For me Ridley Road is everything that Broadway Market isn’t. It’s rowdy, messy, cheap and authentic. An ex boyfriend once described it as looking like a scene form Mad Max, and although I was furious about his bourgeoise, judgmental sniffing at the time – looking back he did have a point.

Bits of the road are dug up, some of its cordoned off, there’s crap everywhere and there is definitively nothing quaint or picturesque about the place. If you are looking for a French-style market with great produce served by impossibly cliched vendors, then you are in the wrong place. In fact, let’s be honest: it’s pretty ugly really.

But the produce is generally excellent as well as being cheap as chips – and the people on the market, both vendors and buyers, care about the quality. My fruit and veg man filled around 5-6 bags of the best veg for me: carrots, spuds, beetroot, tomatoes, parsley, onions, red cabbage – and the parsnips he’d been saving for his own Sunday roast. His wife got the hump sometimes, he said, because he’d go home without any veg and she’d have to go out to the supermarket to stock up. “Not to blow me own trumpet,” he said. “But their stuff isn’t as good as mine.” He was right – it isn’t. It’s more expensive too. and when your pre-packaged plastic bag of parsnips beeps through the till: the woman on the checkout doesn’t say: “There you are my lovely, think  about me when you’re eating them tomorrow.”

A bit further down the way, Jimmy didn’t have any cooking apples. But he did have a twinkle in his eye as as he handed over 5 apples for 50p, he asked me if  I needed a lift home with my bags. The charm police were out in full force on Saturday, it appeared – as even the chap I bought my shoulder of lamb (which was meltingly tender in my hot pot the next day) from at the first butchers on the left-hand side asked if he could come round for the dinner it would feature in. It did cross my mind that he could have been a distant cousin of Ali, who the ever-hilarious Cereal Killah wrote about in winning terms.

But none of this was sleezy, or threatening  – it was fun, and cheeky and a bit of banter. The type of interaction that makes you leave a market with your hands full of bags and a smile on your face.

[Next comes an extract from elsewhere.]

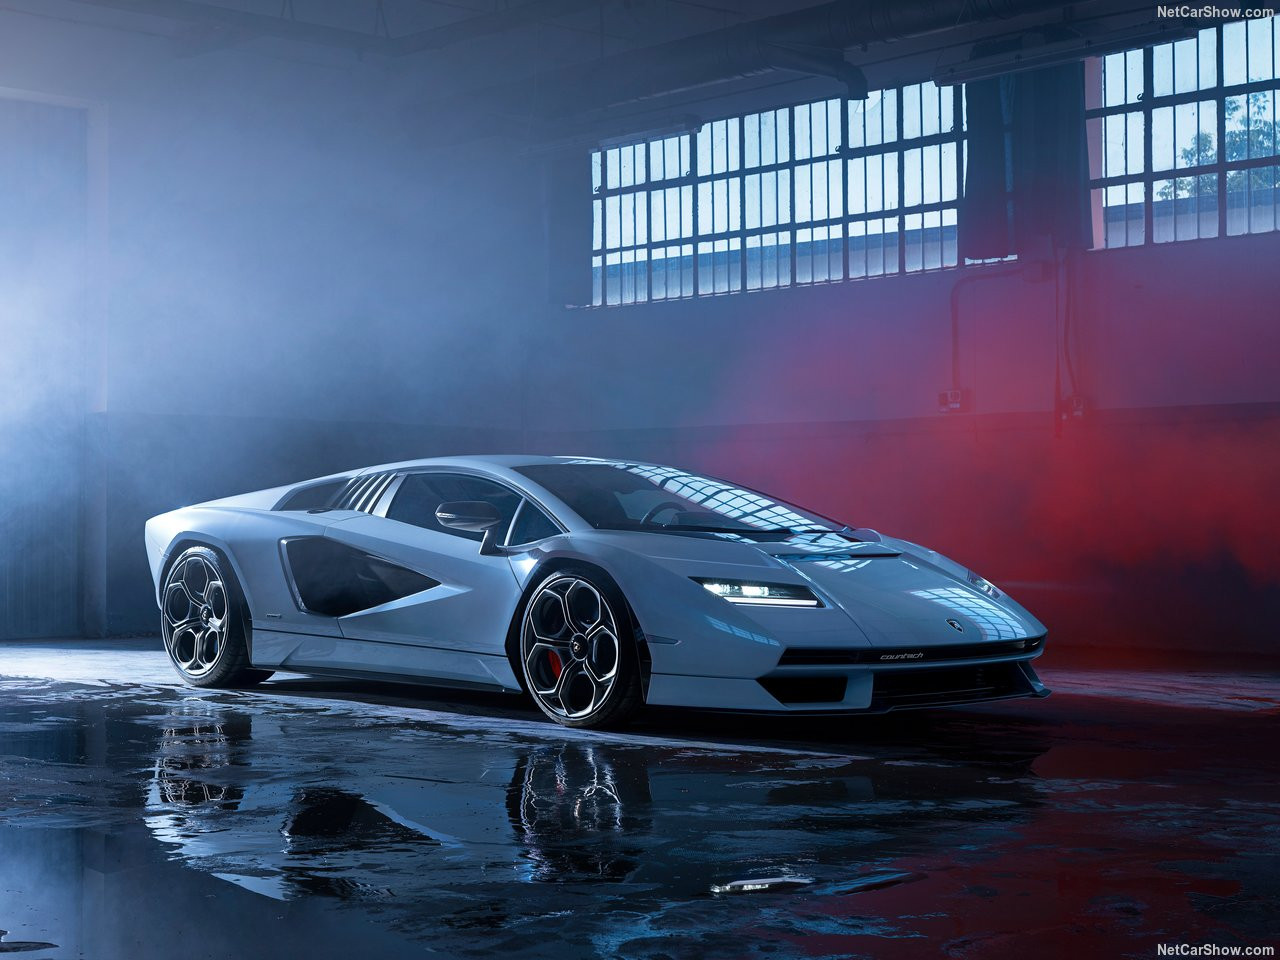 Lamborghini-Countach_LPI_800-4-2022-1280-02.jpg

I love Ridley Road market. I just hope that it manages to hold its own as Dalston changes around it – all those of you who have moved into the monstrosity that is Dalston Square (the single most ugly and aggressively masculine building in London?) please do go and get your veg there. It might look a little more untidy than the uniform isles at Sainsbury’s, but all the extra joy is free.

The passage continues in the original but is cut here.